14  Intro to Three Types of Spatial Data

Settling In

Sit with your proposed Capstone Partner.

Discuss:

  • Topics of interest
  • Data types the you find interesting

Everything on the slides is in the online manual: https://bcheggeseth.github.io/452_fall_2025/

Communication: Writing about Data

State, explain, interpret

  • Instead of: “We chose this covariance model because the BIC is 1200.”
  • Do this: “We chose this autoregressive order 1 covariance model because it has the same goodness of fit, as measured by BIC, as the more complex model.
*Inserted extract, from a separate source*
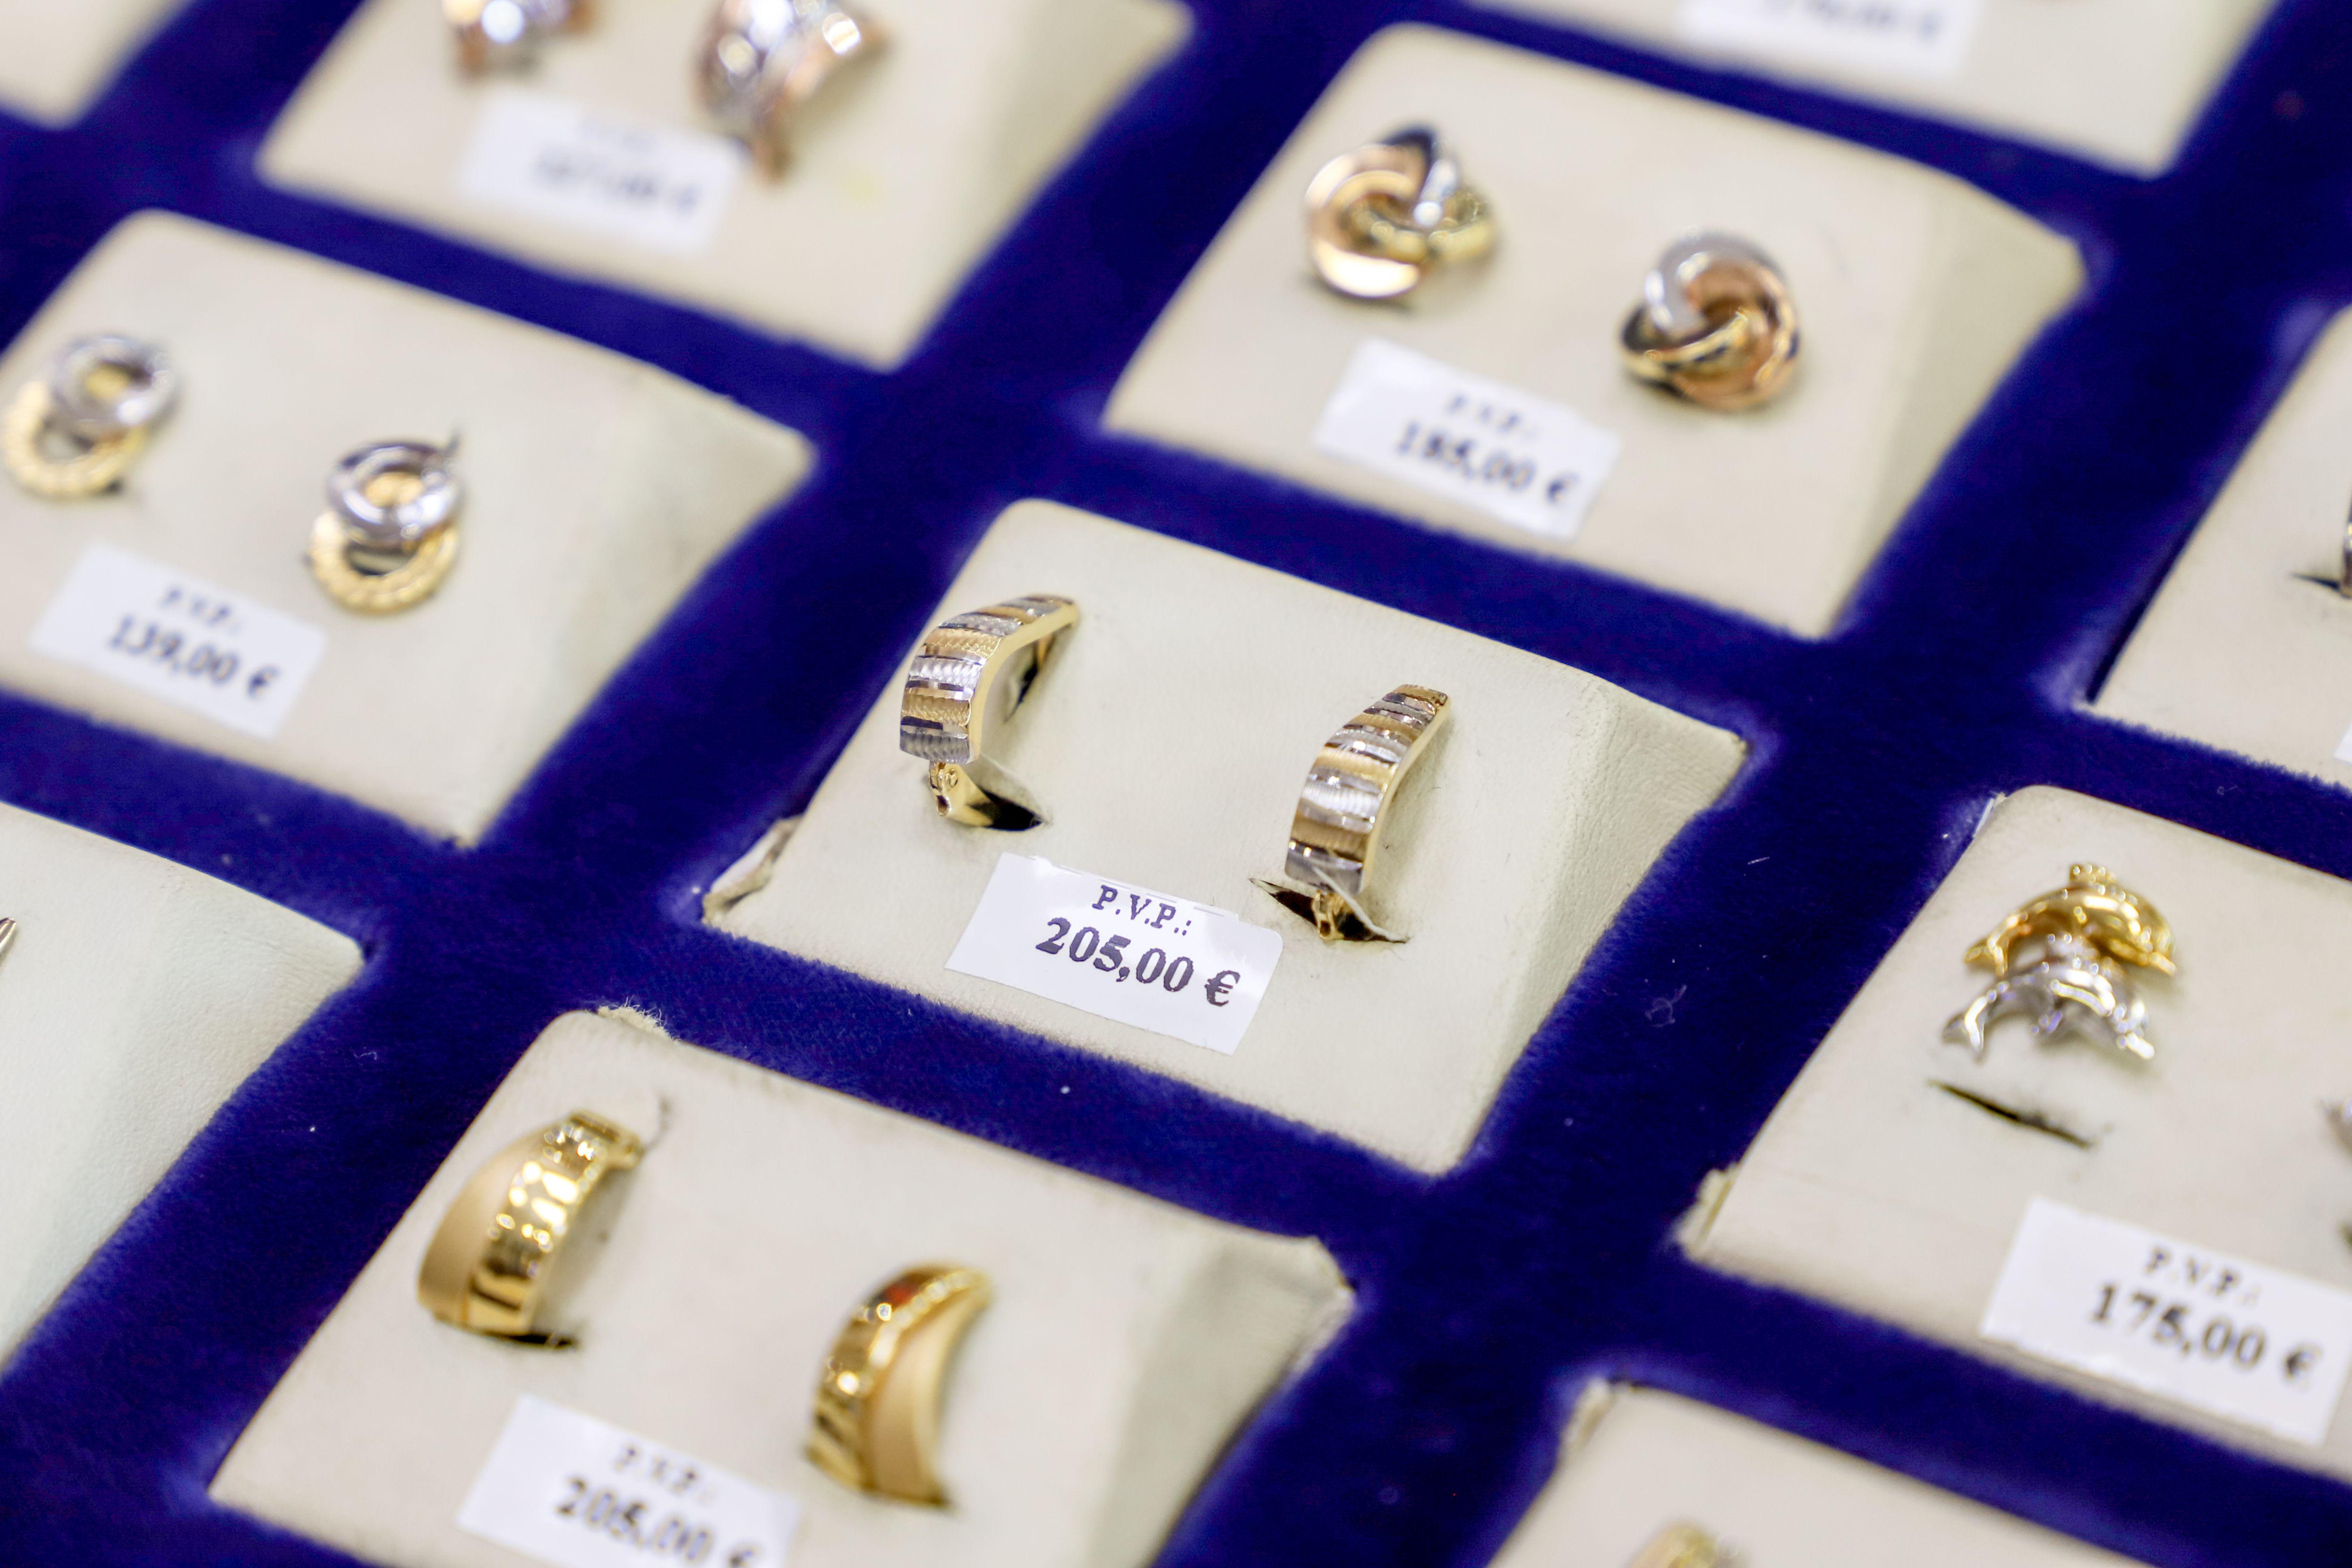 Joyería de oro y plata

This suggests that there is covariance decays to zero as the time between observations increase, after accounting for the variation in the mean.”

. . .



Focus on the big picture conclusion

  • Use numeric values sparingly; only when it highly strengthens the argument.
  • Instead of: “The coefficients for Years are 0.5, 0.8, 0.9 , 0.7, and -0.5.”
  • Do this: “The model suggests that the average score increases for 3 years and then starts to decline, ending at a lower point than at baseline, after accounting for age and memory score at baseline.”

Mini Project 2

Due: Thursday in class

. . .



Audience: Stat 155 Students

Professional visualizations: make sure all of the “ink” in the graph is informative

. . .



What to Include:

  • An introduction to the ACTIVE study with parenthetical citations of relevant papers using Bibtex
  • An introduction to your research question and why it is important
  • An introduction to the data without using variable_names
  • A discussion and justification of your model (gee v. mixed effects; mean model; covariance model) that explains WHY you made your choices
  • A discussion of your conclusions based on the model and the limitations to the conclusions you can make.

Learning Goals

  • Explain and detect three different types of spatial data (point-referenced, point process, areal data)
  • Formulate research questions for the three types of spatial data

Point-Referenced (Geostatistical) Data

Geostatistical Research Questions

  • Can we explain the variation in an outcome variable Y that is measured in space?
  • Agriculture: Why do we get higher yield of a crop in one location versus another?
  • Geology: Why do we have higher metal concentrations in the soil in one location versus another?
  • Weather: Why do we have higher wind in one location versus another?
  • Environmental: Why do we have higher pollution in one location versus another?

. . .



  • Can we predict an outcome variable Y at any spatial location given a smaller sample of data at spatial locations?
  • Agriculture: Predict yield for entire farm based on 50 samples.
  • Geology: Predict metal concentrations in the soil for a large area based on 100 samples.
  • Weather: Predict the weather at every location based on model estimates at a grid of locations.
  • Environmental: Prediction pollution levels at every location based on measurements at monitoring stations.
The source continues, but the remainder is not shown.